9. according to each described device in the claim 1 to 8, wherein, said directly/estimate that on every side device (710) is constructed to each the sound channel (Ch to said multi-channel audio signal (101) _i) through use said spatial parameter information (105) apply one stereo around the estimation formula, wherein, said stereo around the estimation formula given by following formula

DTT _i=f _DTT[σ(Ch _i′R) _′ICC _i(Ch _i′R)]

ATT _i＝1-DTT _i

Said formula depends on the accurate poor (CLD in sound channel position _i), said sound channel position is accurate poor to be σ _iDecibel value, and be sound channel Ch _iInter-channel coherence (ICC _i) parameter, wherein, R is the linear combination of all the other sound channels.

10. according to each described device in the claim 1 to 9; Wherein, Said directly/on every side extraction apparatus (620) is constructed to hand over the lowest mean square that mixes to separate by the use sound channel and extracts said direct signal part (125-1) or said ambient signals part (125-2), and said LMS separates and do not require that equal position on every side is accurate.

11. device according to claim 9, wherein, said directly/on every side extraction apparatus (620) is constructed to calculate said LMS and separate through supposing that a signal model is led, and makes said LMS separate and is not limited to mixed signal under the stereo channel.

12. according to each described device in the claim 1 to 11, wherein, said device also comprises:

One ears direct voice presents device (910), is used to handle said direct signal part (125-1) and obtains one first ears output signal (915);

One ears ambient sound presents device (1010), is used to handle said ambient signals part (125-2) and obtains one second ears output signal (1015); And

One combiner (1130) is used to make up said first ears output signal (915) and said second ears output signals (1015) obtain the ears output signal (1135) once combination.

13. device according to claim 12; Wherein, Said ears ambient sound presents device (1010) and is constructed to that a room effect and/or a wave filter are applied to said ambient signals part (125-2) said second ears output signal (1015) is provided, and said second ears output signals (1015) are applicable to coherence between the ears of actual dispersion sound field.

14. according to claim 12 or 13 described devices; Wherein, said ears direct voice presents device (910) and is constructed to present said direct signal part (125-1) based on head related transfer function (HRTF) through wave filter and obtains said first ears output signal (915).

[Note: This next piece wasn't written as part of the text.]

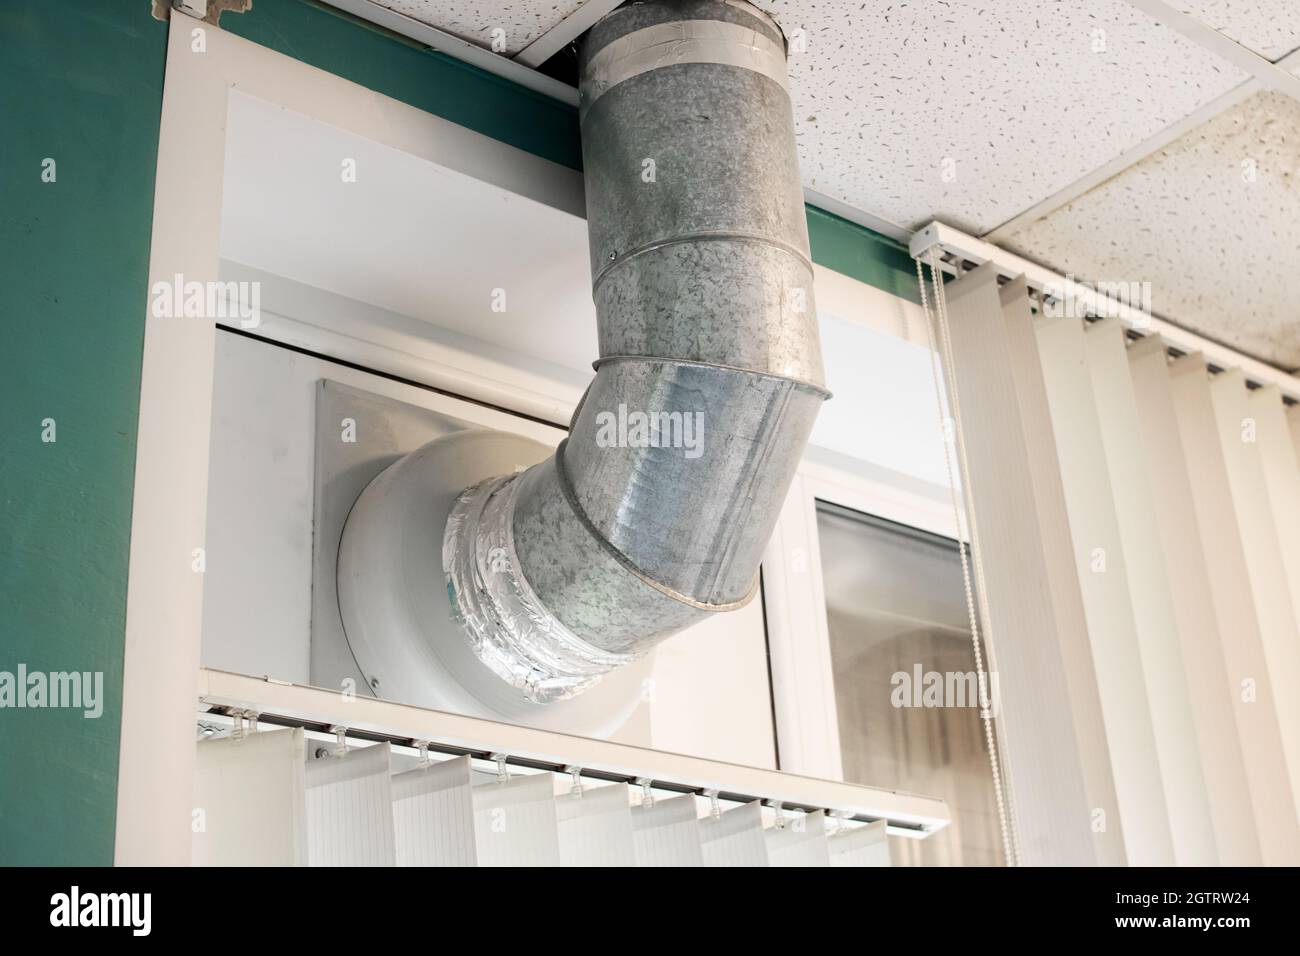 Fixing Ventilation Pipe To Exterior Wall Using a Mounting Installation Foam  Stock Photo - Image of alternative, pipe: 230031818
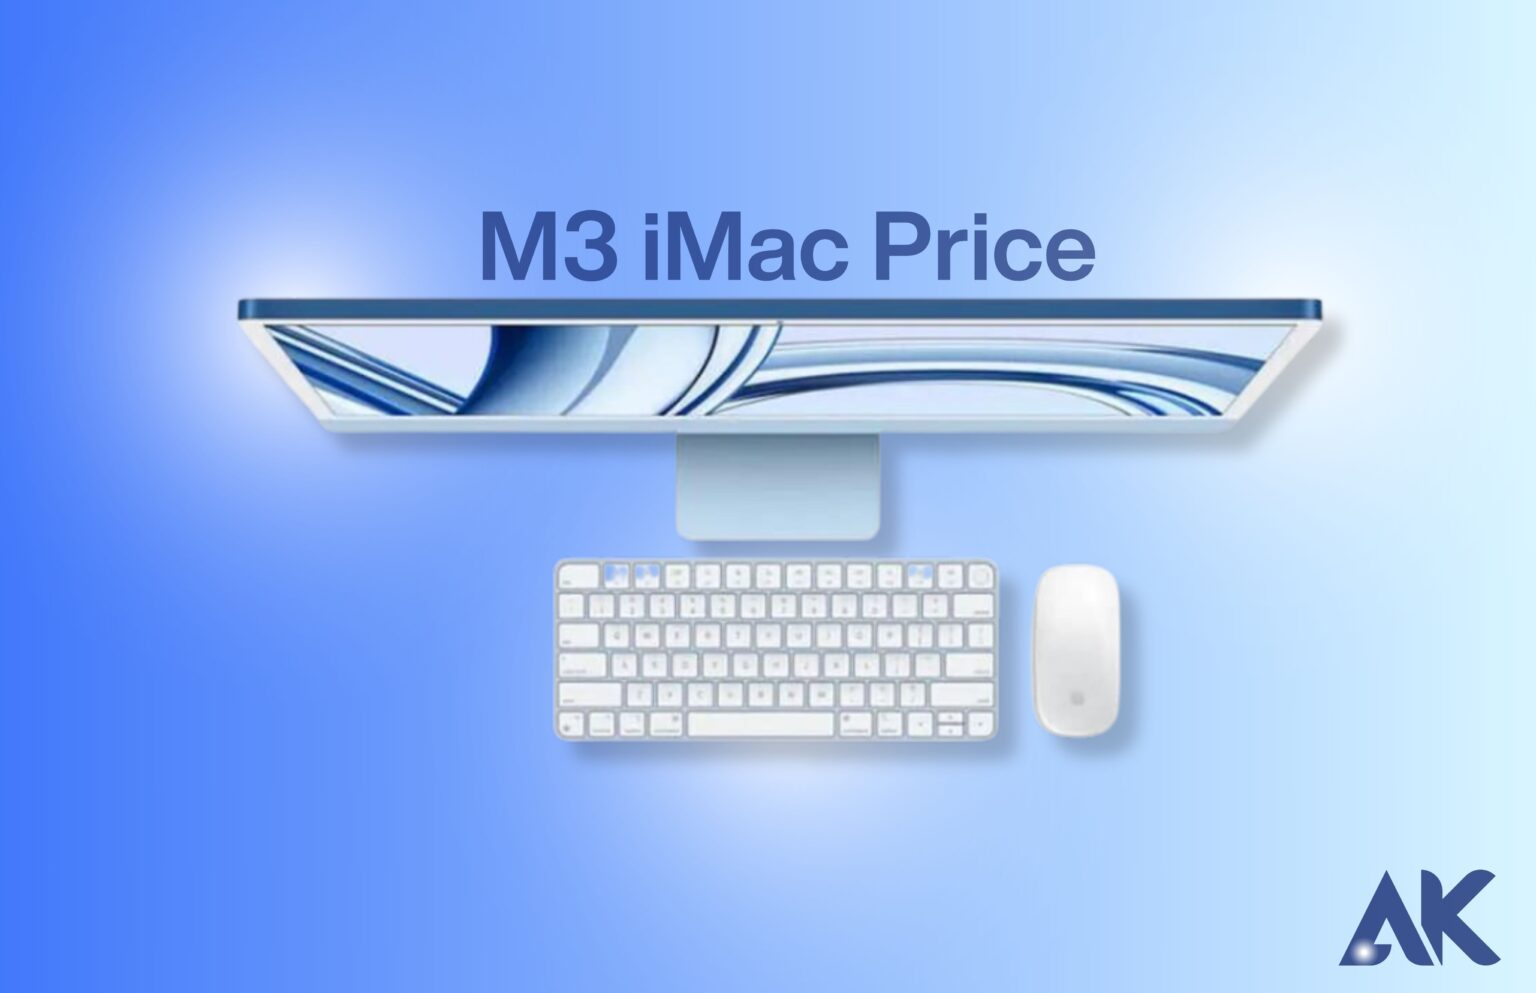 M3 iMac Price: How Much Will Apple's Next-Generation All-in-One Desktop Cost?

15. one kind is used for extracting a direct and/or ambient signals (125-1 from mixing signal (115) and a spatial parameter information (105) once; Method 125-2) (100), said mixed signal (115) down and said spatial parameter information (105) expression have more multichannel (Ch than said mixed signal (115) down ₁Ch _N) a multi-channel audio signal (101), wherein, said spatial parameter information (105) comprises relational expression between the sound channel of said multi-channel audio signal (101), said method (100) comprises:

Estimate direct part of (110) said multi-channel audio signal (101) and/or a definite message or answer breath (113) an of peripheral part based on said spatial parameter information (105); And

Based on the position definite message or answer breath (113) of the said estimation of said direct part or said peripheral part, extract (120) said direct signal parts (125-1) and/or ambient signals part (125-2) from said mixed signal (115) down.

16. the computer program with program code is used for enforcement of rights and requires 15 described methods (100) when said computer program is carried out on a computing machine.